The only problem with a pure table-driven FSM is that you'll bash a lot of cache memory with access to the table (ditto for accessing elements of a binary search tree). True, the code above also bashes the cache by accessing lots of code, but code access to the cache is often more efficient than data access.  The nice thing about the code above is that it uses 1/4 the number of instructions for the comparisons (as it is comparing four bytes at a time rather than one).  This is comparable to the scheme that I use in HLA v2.0, though I use a hash function rather than a pure finite-state machine in order to quickly jump to the sequence that checks for a given reserved word. At a cost of only two instruction per character for the hashing function, I'm fairly sure the result is a bit faster than using a pure FSM.
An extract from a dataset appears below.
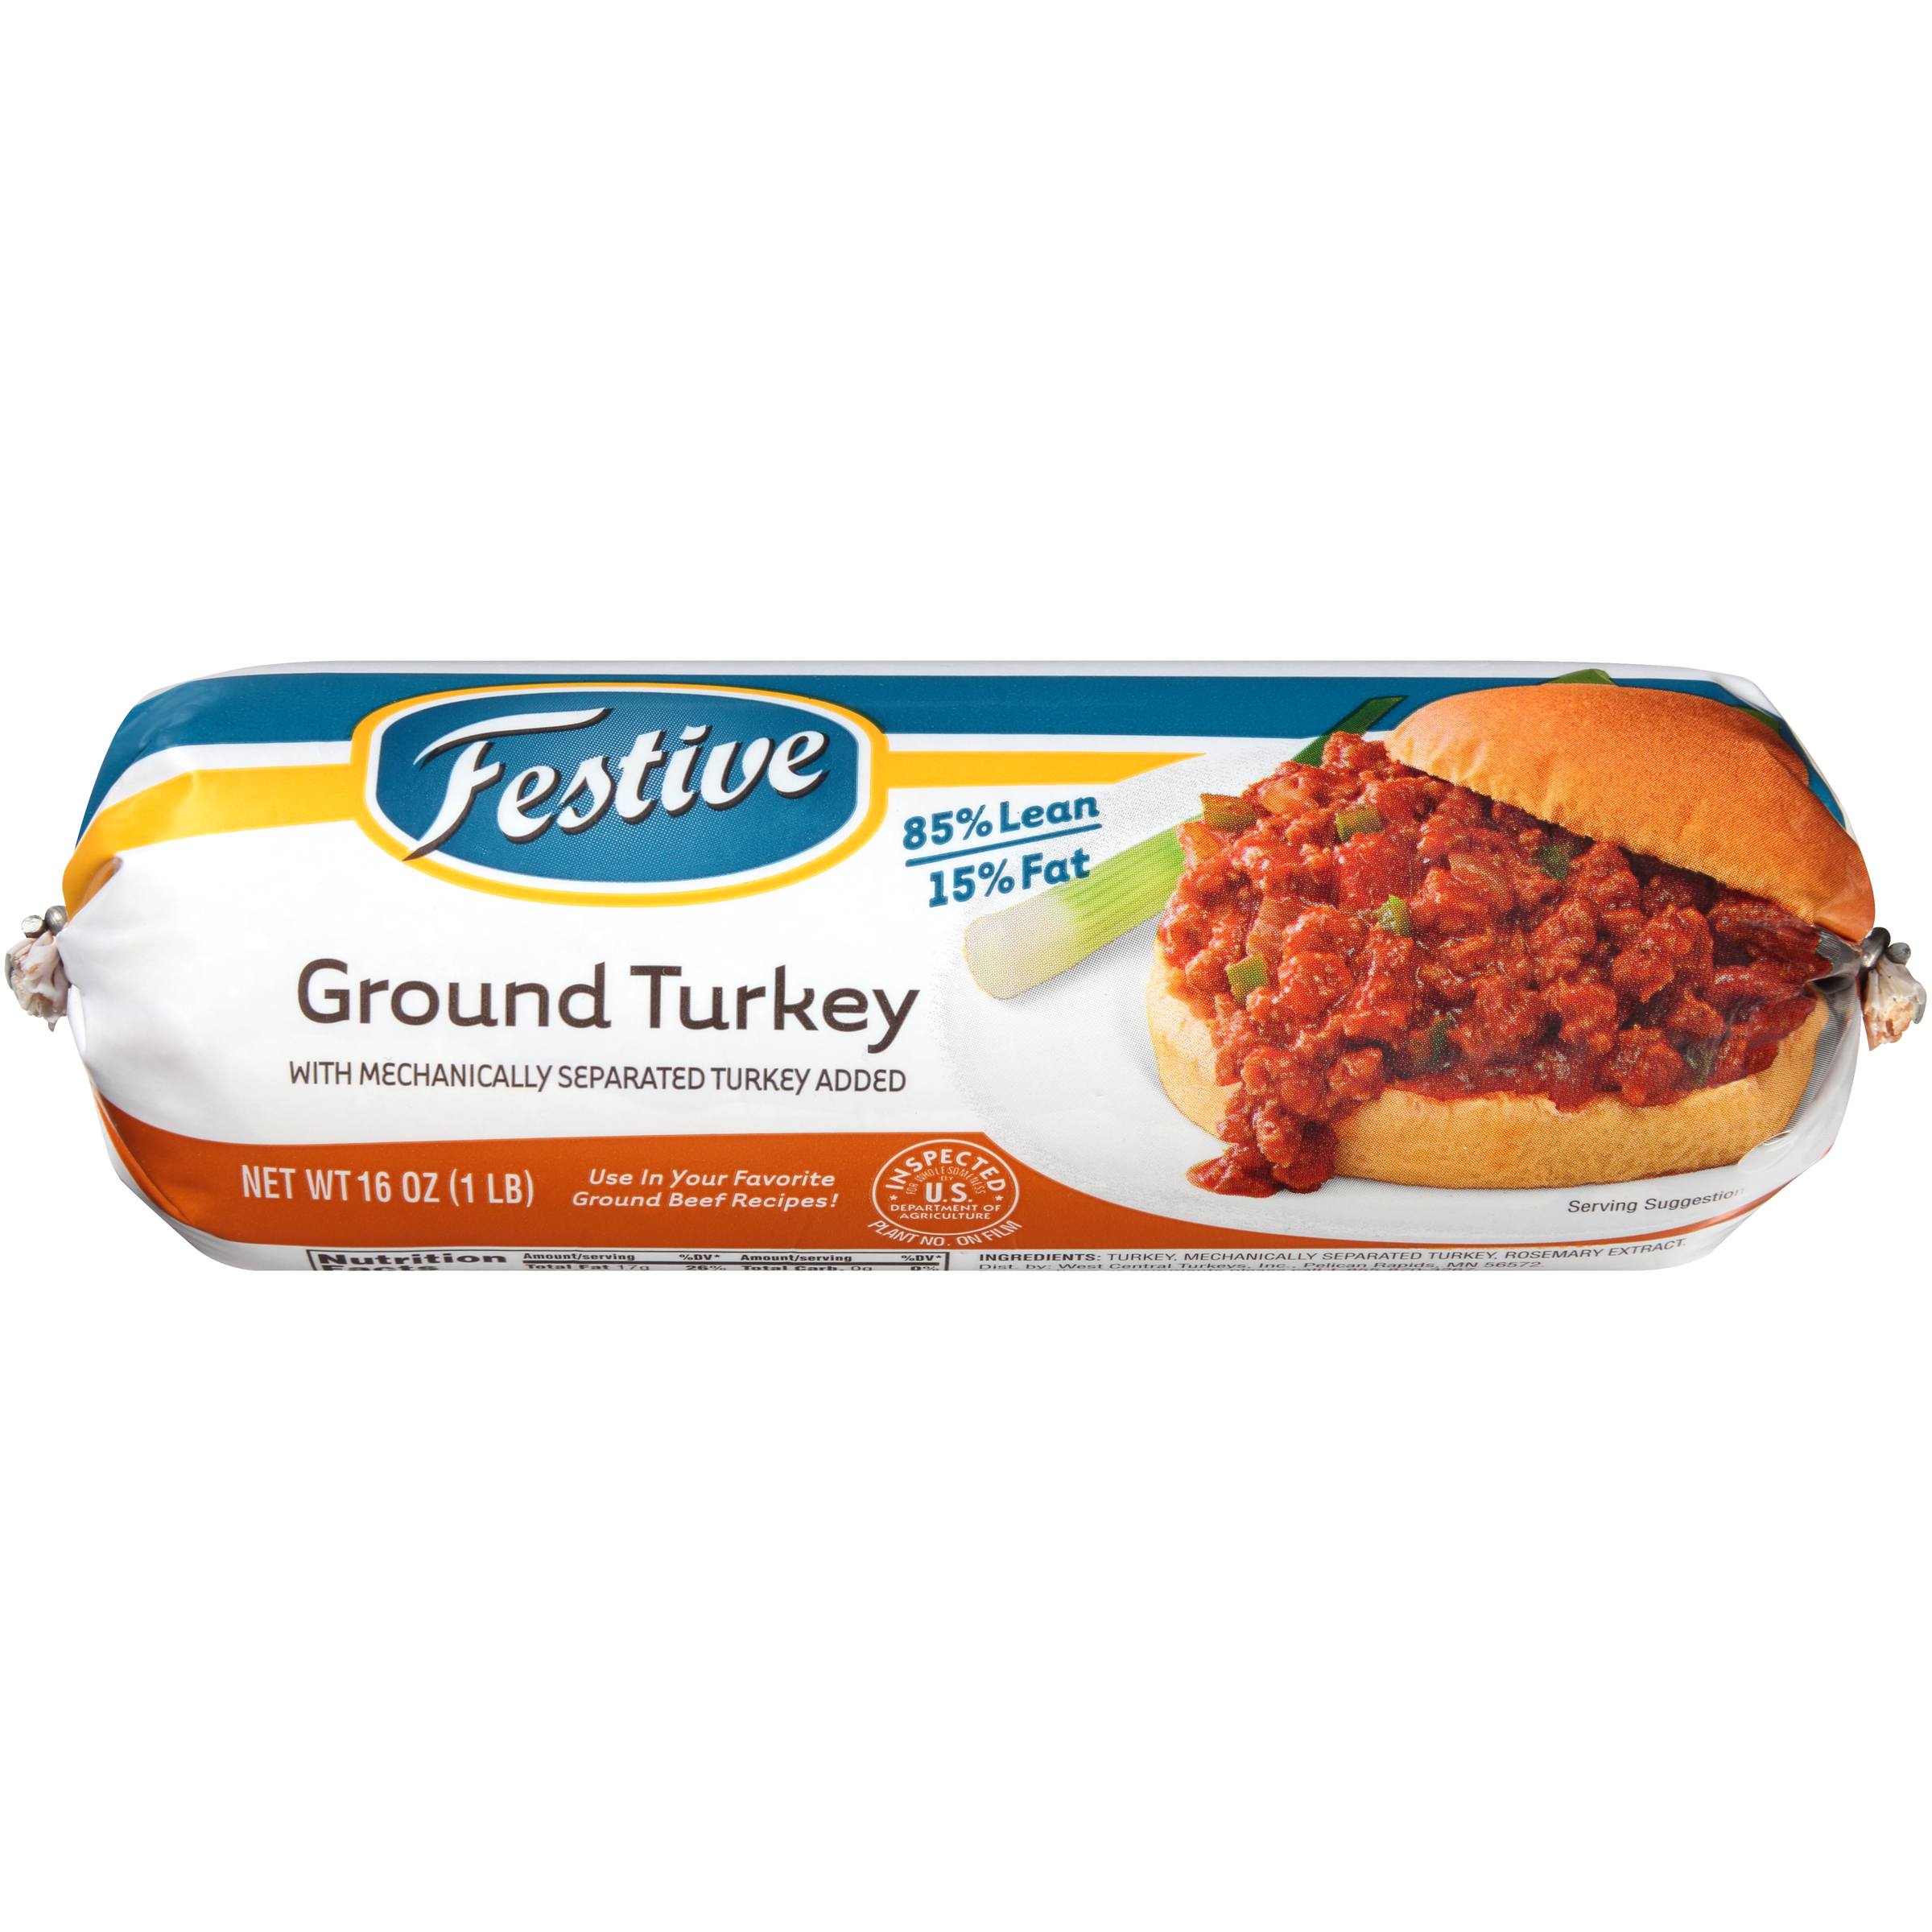 Festive Ground Turkey Roll, Frozen 1.0 lbs

One other problem I see with your code is that you explicitly assume that there is an EOS marker. To me, this suggests that you've already scanned the word in memory and moved it to a string buffer (marked with an EOS, such as zero). In fact, this scanning and copying can be combined with the word lookup, sparing you the copy operation (which can be expensive). Of course, you need a slightly improved FSM machine that recognizes a set of "not identifier symbols" rather than just EOS to mark the end of your strings.
Cheers,
Randy Hyde

Mark_Larson


  I use hashing for strings.  My favorite is a Zobrist Hash.  Inserting a new string and finding a string that already exists is extremely fast.   It also does not suffer from the problem of having a lopsided tree.  When you have inserted 1000 words, inserting a 1001st word requires a lot of compares with the kind of tree you are looking at.  With Zobrist Hashing ( and with hashing in general) the insertion and retrieval times do not grow as the number of strings grow.  They both stay the same.  Zobrist hashing XORs the characters in the string with an array of randomly generated dwords, and then ANDs it with the table size, which is a power of 2.  If you want to learn more, let me know.   
BIOS programmers do it fastest, hehe.  ;)

My Optimization webpage
htttp://www.website.masmforum.com/mark/index.htm

hutch--

Mark,

I have hash algos that work fine and are fast enough but I am looking at tree construction even though it is probably slower as it can be repeatedly reallocated as the memory for the data is filled.

Randy,

Thanks for the example, I will have a play with it.
Download site for MASM32      New MASM Forum
https://masm32.com          https://masm32.com/board/index.php

gabor

Hi there!

I must say those are nice solutions you've come up with. But I must also say that I'm feeling a bit low, because nobody commented about what I wrote. Is it so because I didn't post any code? Anyway I promise I'll implement it soon.

Hutch,
I don't really see why do you stick to binary trees. I think binary is not the best way when handling non-boolean variables.

Hashing in general is faster than trees, but does not have as flexible structure as trees. If navigation and complex operations (like pattern search, join) is not needed hashing is quite adequate.

B the way, how many strings do you want to store? Is it possible that the brute force method, storing in an array with an index array would be enough?

I "feel" that for really large databases (with million entries) a combined algo would be satisfactory.

I would like to see a working hashing code, I I'll ship a working code for word trees! Deal? :bg

Greets, Gábor